**Exercise prompt:**
No pictures go in the copy; retype exactly the lines from the one with "legbeard cringe - She" through the last line of the records.

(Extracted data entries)
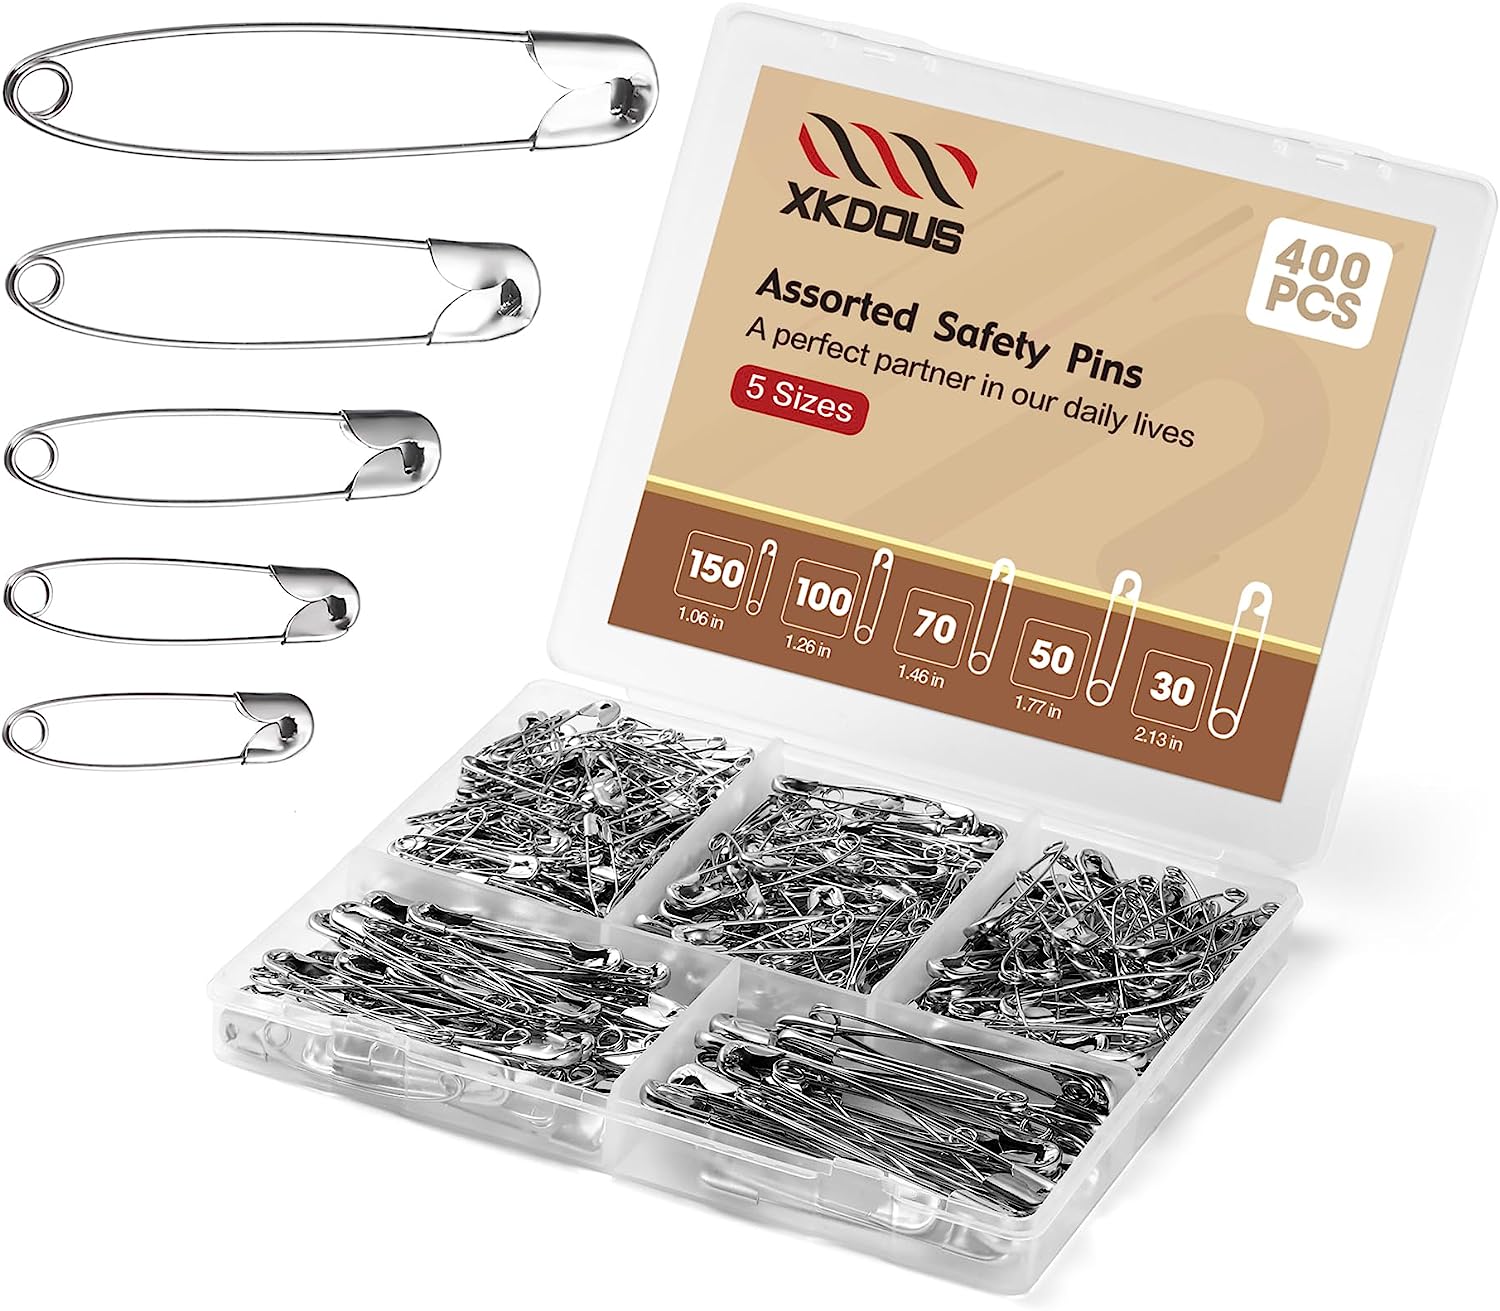 XKDOUS Safety Pins, 400 PCS Safety Pins Assorted, 5 [...]
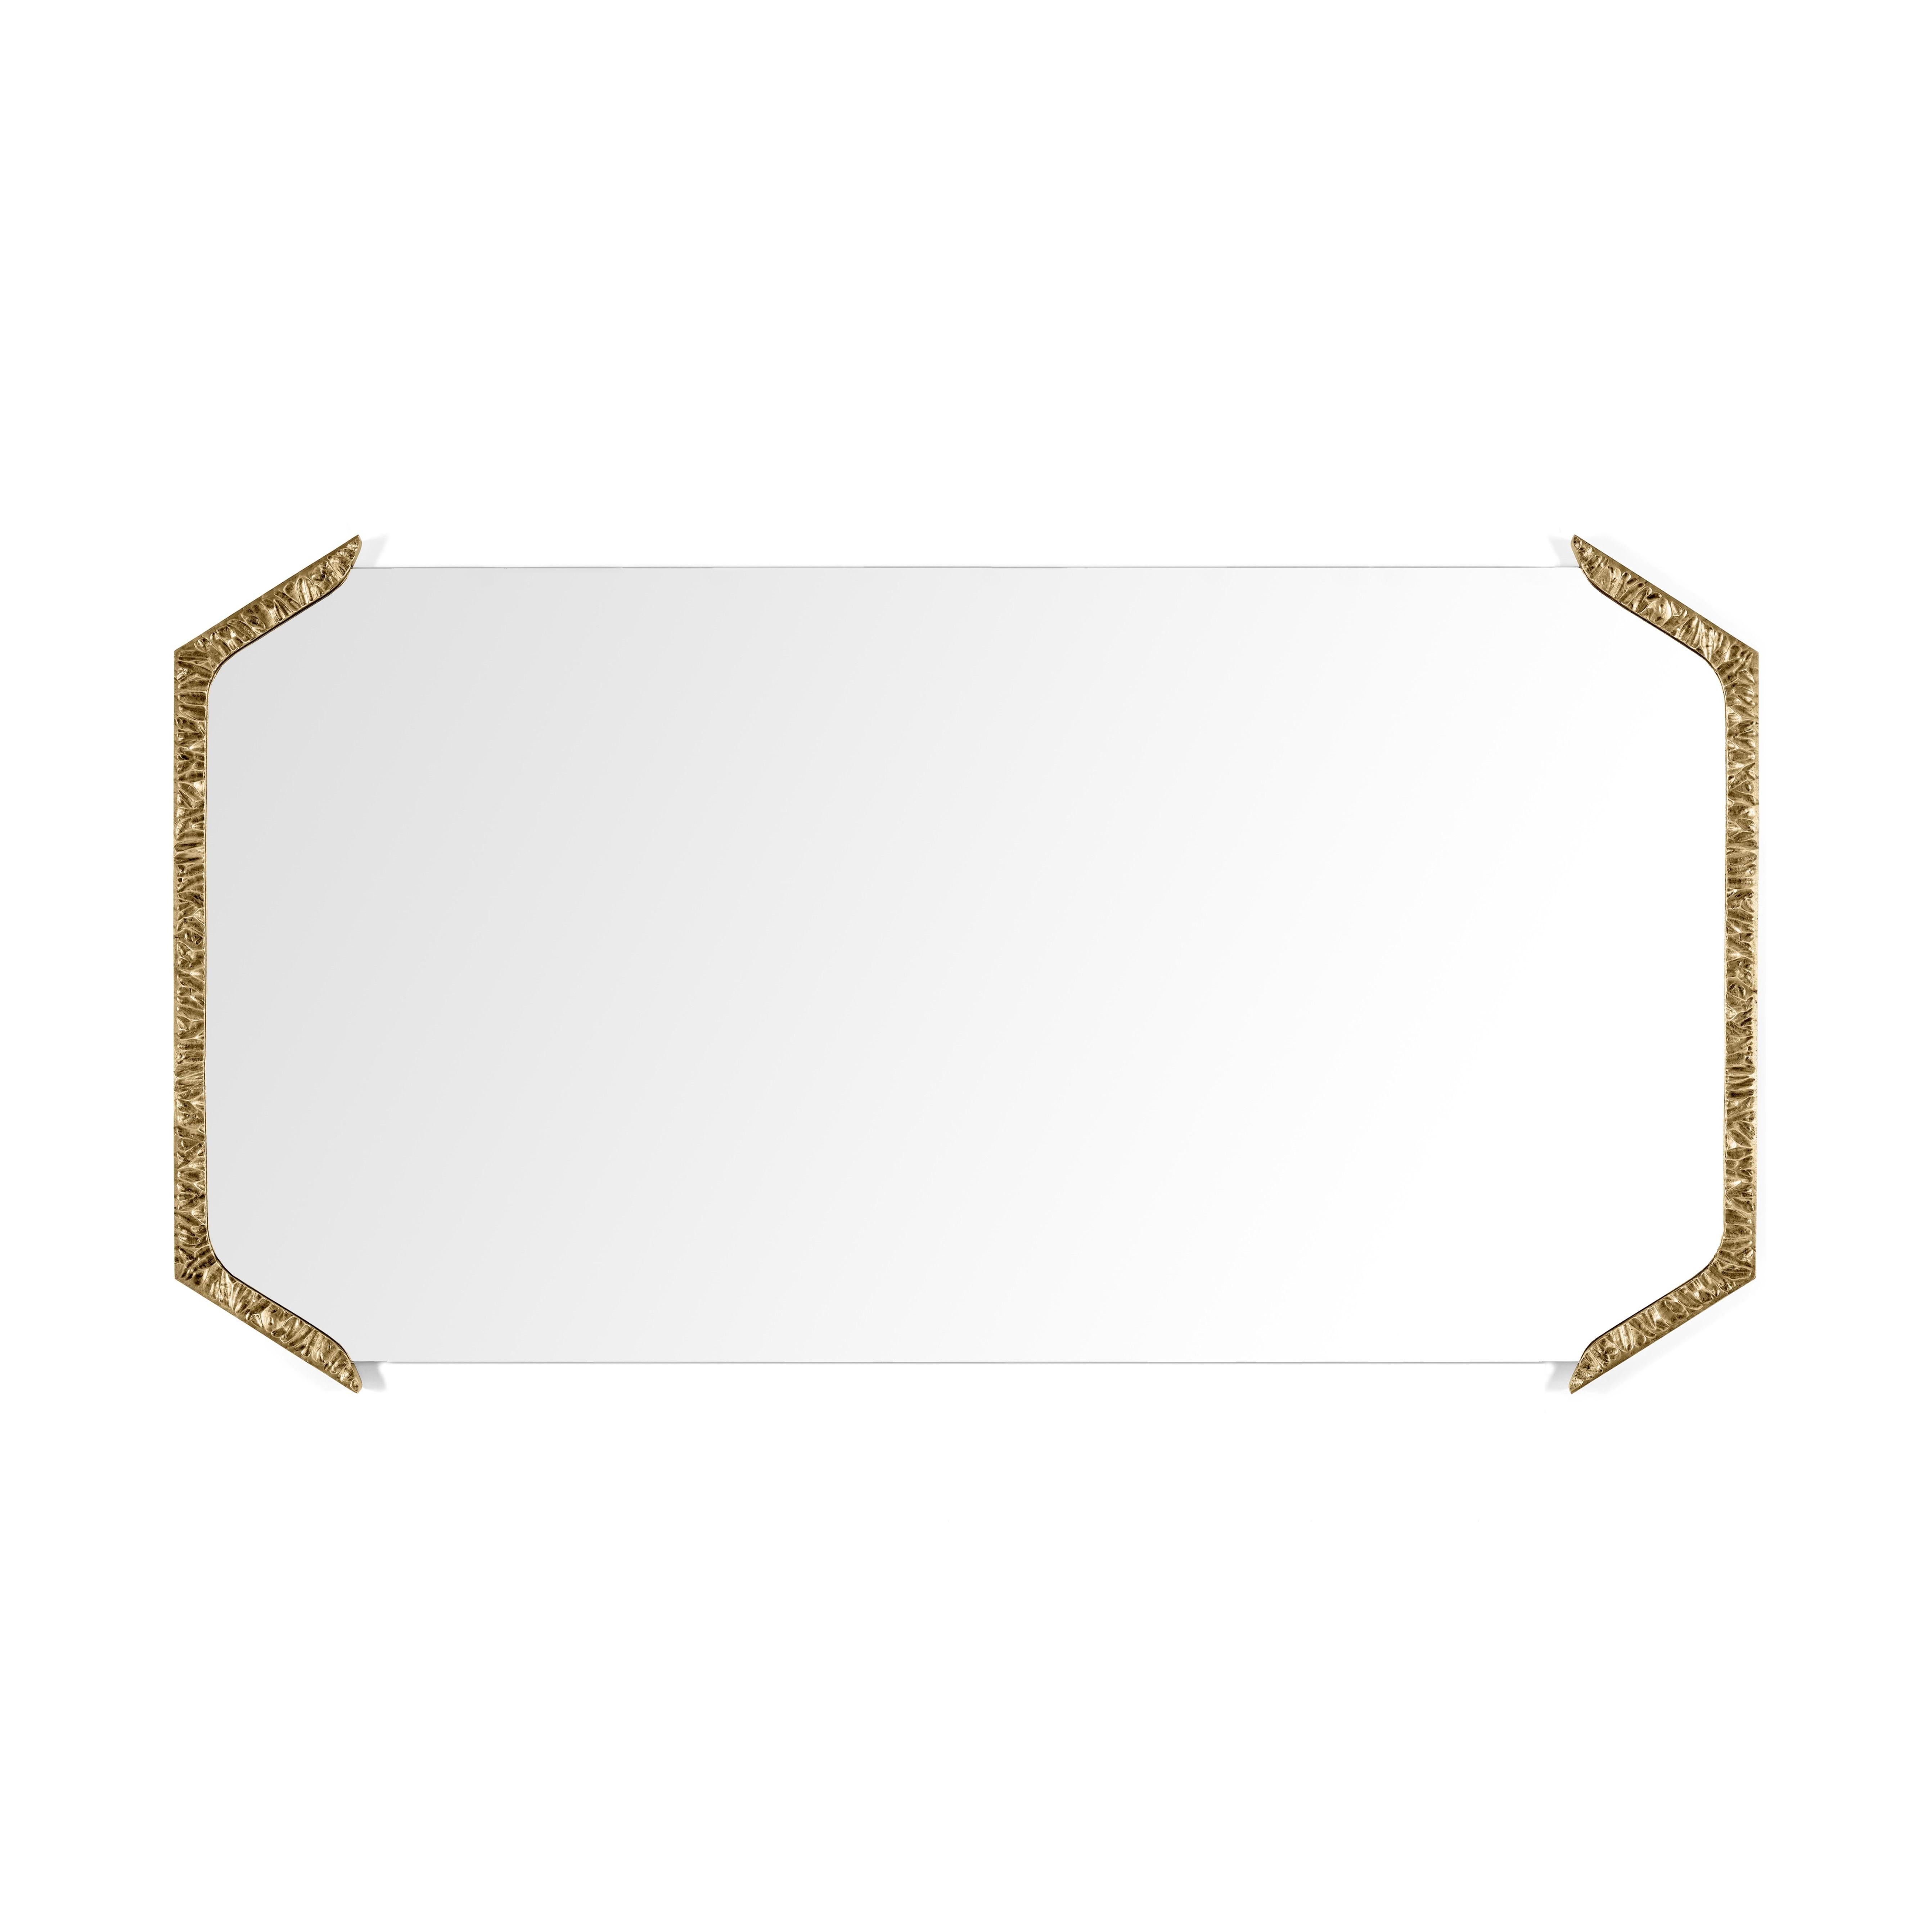 Alentejo rectangular mirror is a glimpse over the South of Portugal where thousands of cork oaks trees raise their canopies to the sky.
Resembling the typical structure of these trees, this luxury mirror is embraced by two grand tree trunks which
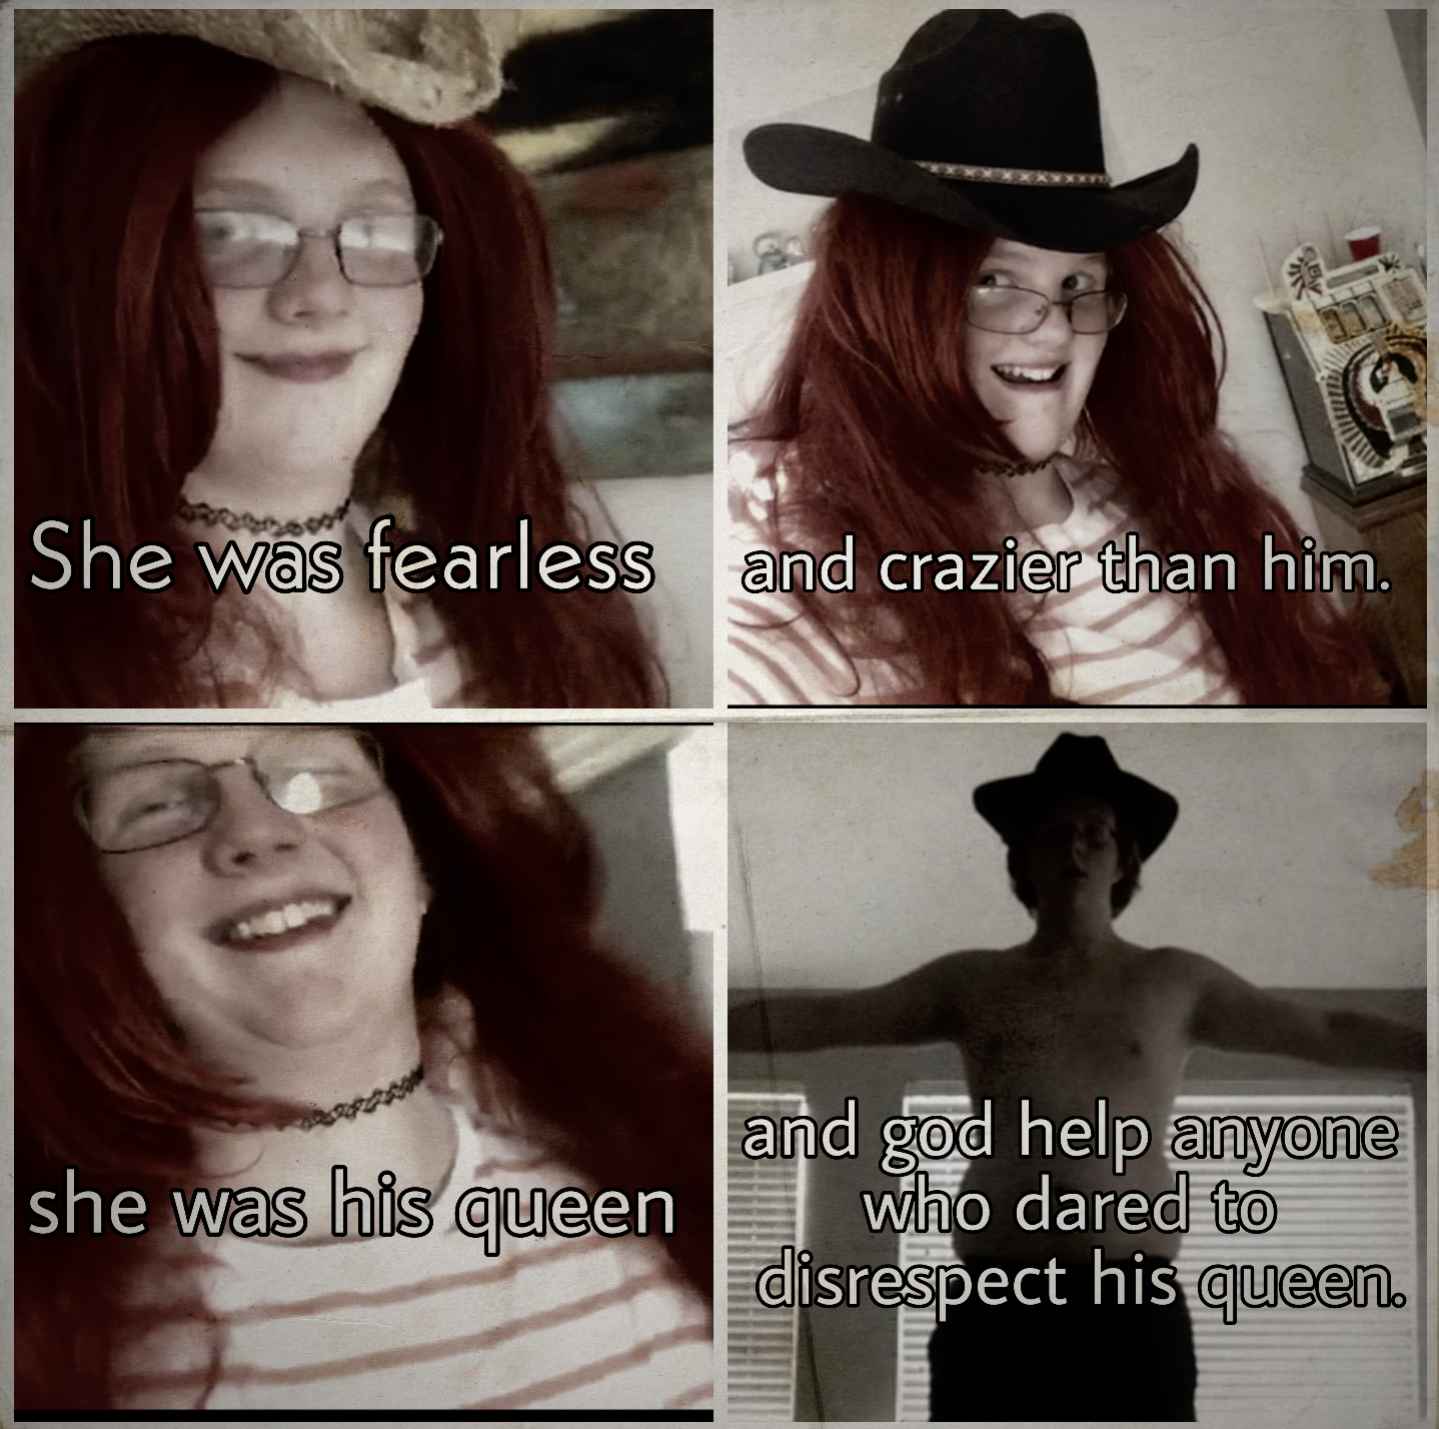 legbeard cringe - She was fearless and crazier than him. she was his queen and god help anyone who dared to disrespect his queen.
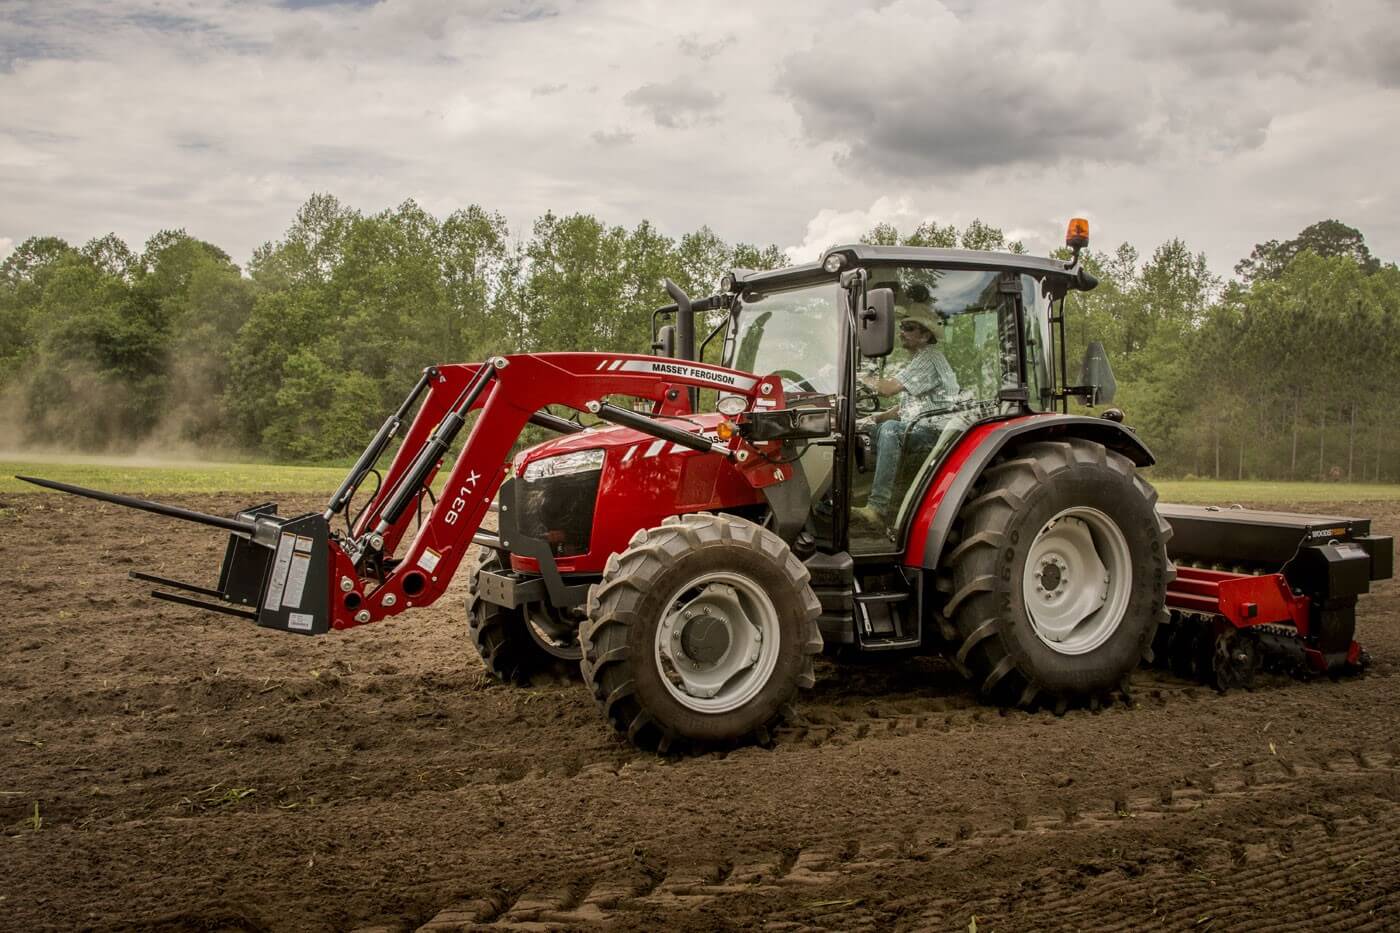 A DURABLE, BETTER-WORKING TRACTOR

**Answer section:**
 legbeard cringe - She was fearless and crazier than him. she was his queen and god help anyone who dared to disrespect his queen.
 A DURABLE, BETTER-WORKING TRACTOR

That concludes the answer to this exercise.